1つの場所で40年働き続けるなんて考えなくていい

新卒からエンジニアで採用されたとき、40年この会社で働くとか、転職するとか、これっぽちも考えなかったし、思いつきもしなかった。

成りたかったエンジニアで採用されたので、エンジニアの仕事ってどんなことをするんだろう、とそっちの方に興味があったわけだ。裏返しで言えば、働くことについての知識が皆無だった、のかもしれない。それについては否定しない。実際、そうだったのだから。

子どもがそろそろ職業について考える時期が来るのだが、自分の子どもと比べても働くことについて無防備だったとしか思えない。人気のあった研究室に偶然入れたし、働き口もすんなりと決まってしまった。あまりにすんなりと決まってしまったのでそれはそれで「これでいいのか」ともう1社コンタクトしようとしたが結局止めた。何事も、初めてしまったことを止めるのは始めるより量力が掛かることをなんとなく学んだのはこのときだ。

今の時代は東証一部上場企業でも安心していられない。あっという間に経営がおかしく成り、事業の切り売りや外国資本の傘下となる。

ただ、こうしたことに対して驚きはしない。なぜなら、入社後すぐに経営統合がなんどもあったり、資本参加があって経営権が変わったりと身を以て経験しているからだ。平のエンジニアには全くもってあれこれ言う権限はない(労働組合は何か言ったのだろうが)ので日々、持ち場で仕事をするほかないのだが。

そう言えば、1度経営的にかなりやばい状態になったときがあって、所謂、希望退職を募ったことがあった。当時のマネージャは「(継続して)働くよね」と言ってきたし、慕っていたマネージャだったので「毒を食うなら皿まで」と意味不明な回答をして同じ会社に留まった。他の部署では希望者が何名いるなんて聞こえてきたとき、そのマネージャは「辞めさせてどうするんだ」と呆れていた。SIerのビジネスはエンジニアのリソースで成り立っているのをわかっていたのだ。売るもの減らして何が経営再建か、と言うことだろう。

そのあとロクに役に立たないままでエンジニアを続けさせてもらって、プロマネを目指すようになってからは他のエントリに書いてあるとおりのでここでは触れない。

エンジニア業を始めてまだ30年くらいのひよっ子だが、たかが20年の間にこれだけのことがあったが、どれだけ予測できただろうか。まあ、無理だ。

1つの40年働き続けることなんて考えなくていい。と言うか、無駄だ。どちらかと言えば、今の年代になってからの方が転職しても構わないと思うようになったよ。
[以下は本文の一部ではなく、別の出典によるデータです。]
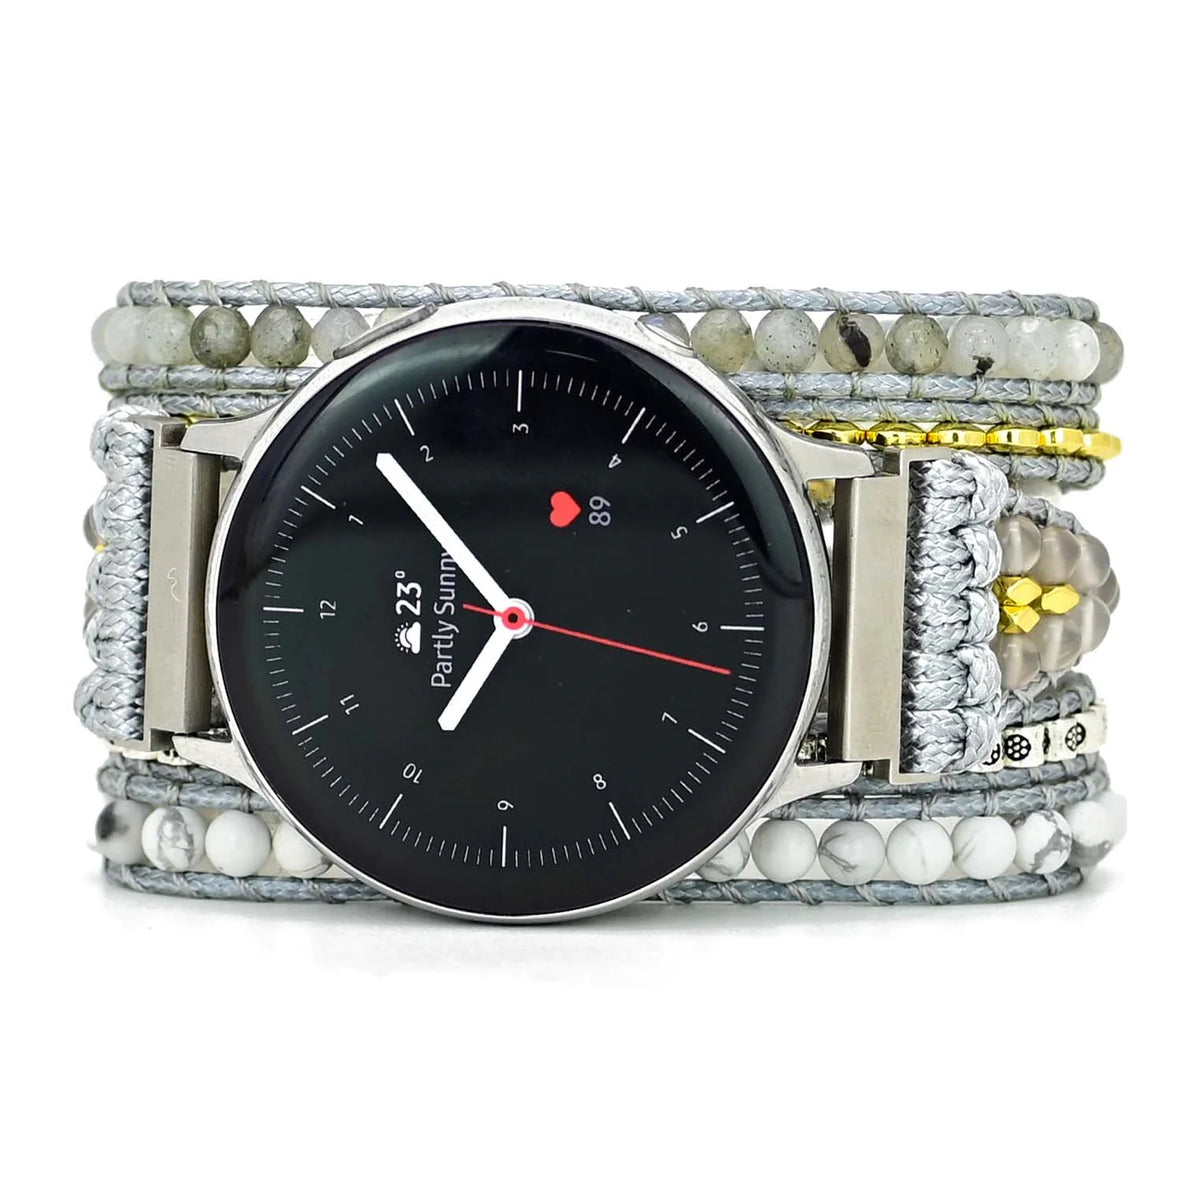 Ethereal Love Watch Bracelet for Samsung Galaxy or Garmin
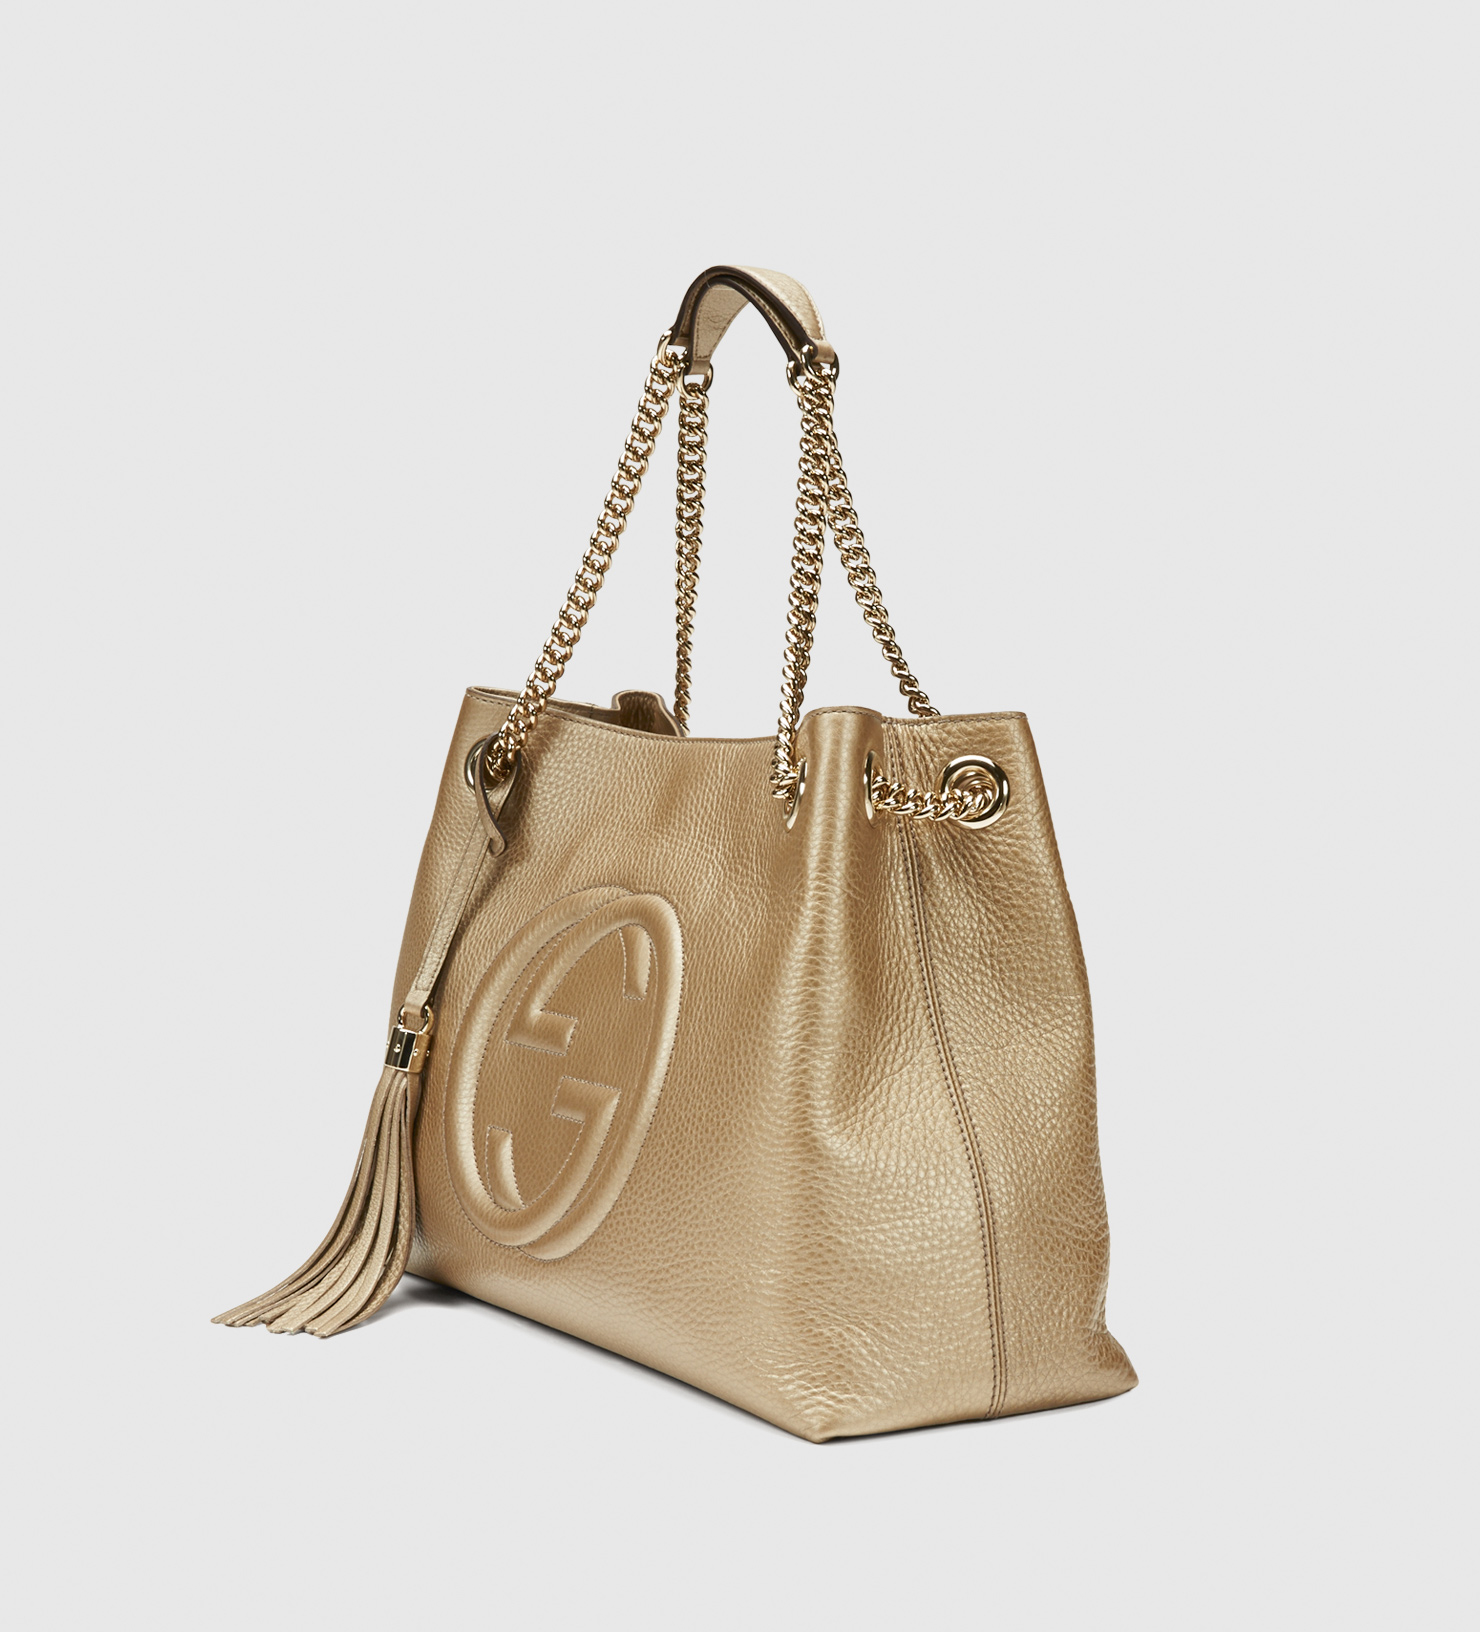 Gucci Soho Metallic Leather Shoulder Bag in Metallic | Lyst

まずはコードを書いて、文書を作って、チームで共有して、チームを育てて、プロジェクトを成功させる。そのときどきで思うことも、感じることもあるだろう。

そのとき、別の場所で働きたいと思ったらそうしたらいい。でも、自分みたいに最初に見つけた場所が勝手に進化してしまうこともある。

働くと言うものは面白いものだ。